With that approach, the firm has started to find SysOps and quality assurance employees and those with math skills who are interested in working on certain components of AI, such as extracting data from files, he says. That way, they can develop talent inhouse.
“So if you think of it as team sport, we can find lot of those players inhouse already,’’ Clerkin says.
They also do speaking engagements, utilize social media and publish some of the work they are doing. “We’re trying to cast a really broad net with the thinking that really smart engineers and data scientists will read it … and think we’re doing cool stuff and want to come work with us.”
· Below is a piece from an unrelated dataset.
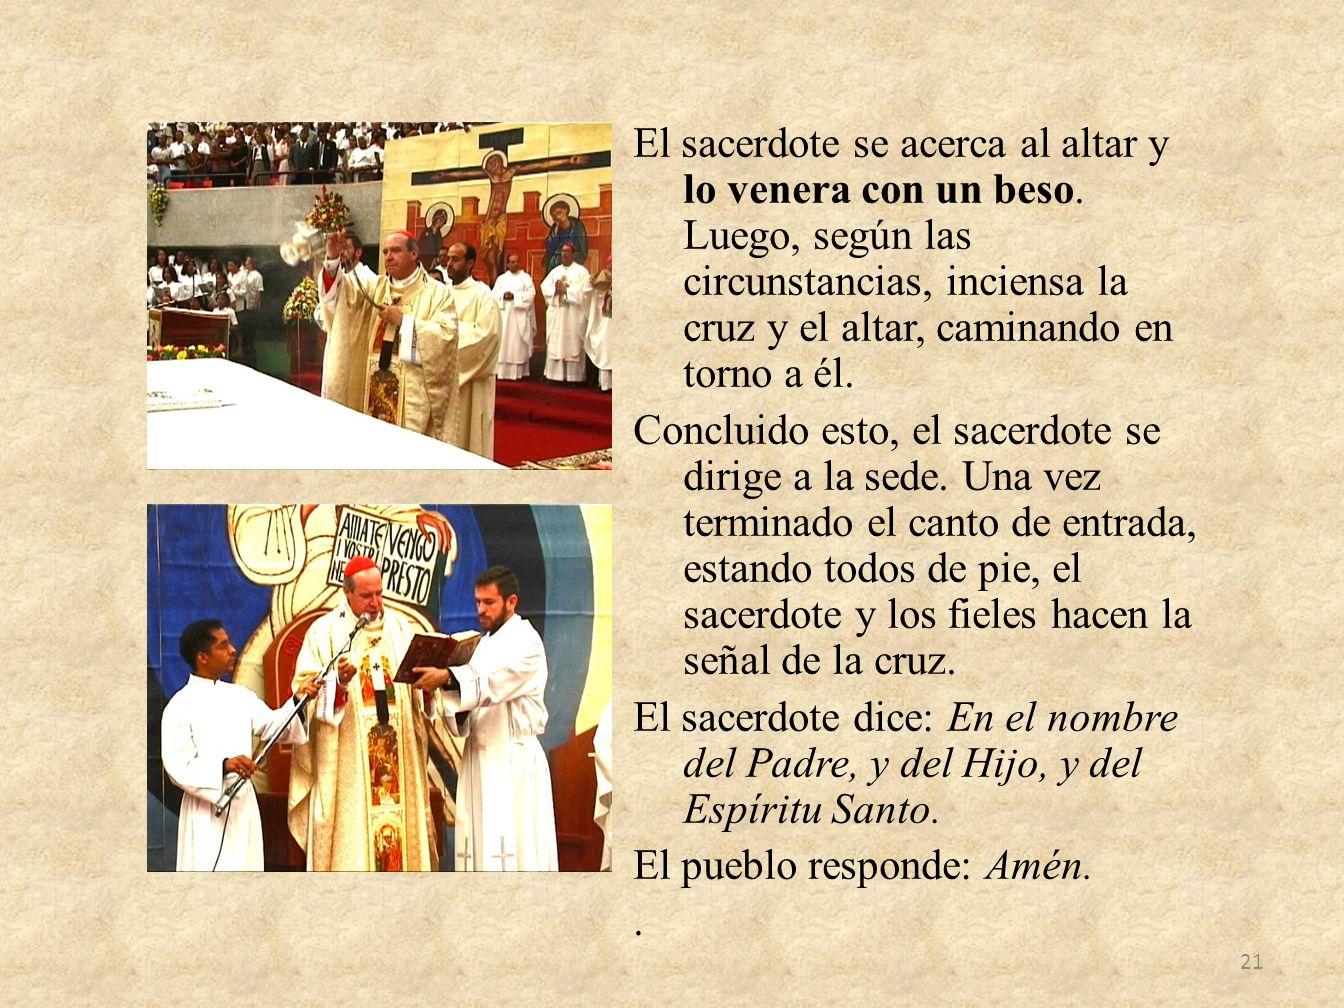 El sacerdote se acerca al altar y lo venera con un beso

“We’ve hit the tipping point in computational abilities and in the amount of data required to perform these techniques.”
Clerkin believes the AI talent shortage is due to the fact that “we’ve hit the tipping point in computational abilities and in the amount of data required to perform these techniques.” Although a lot of algorithms were developed dating back to the 1960s, he says, “they have just reached the point where they’ve become viable from a business perspective,” due to increasing computational processing power and the amount of data required for initiatives in business and government, he says.
“The ability to do AI and the barrier to entry have gotten so low,” Clerkin adds, “that essentially, it happened so quickly that there weren’t enough data scientists in waiting to do those jobs.”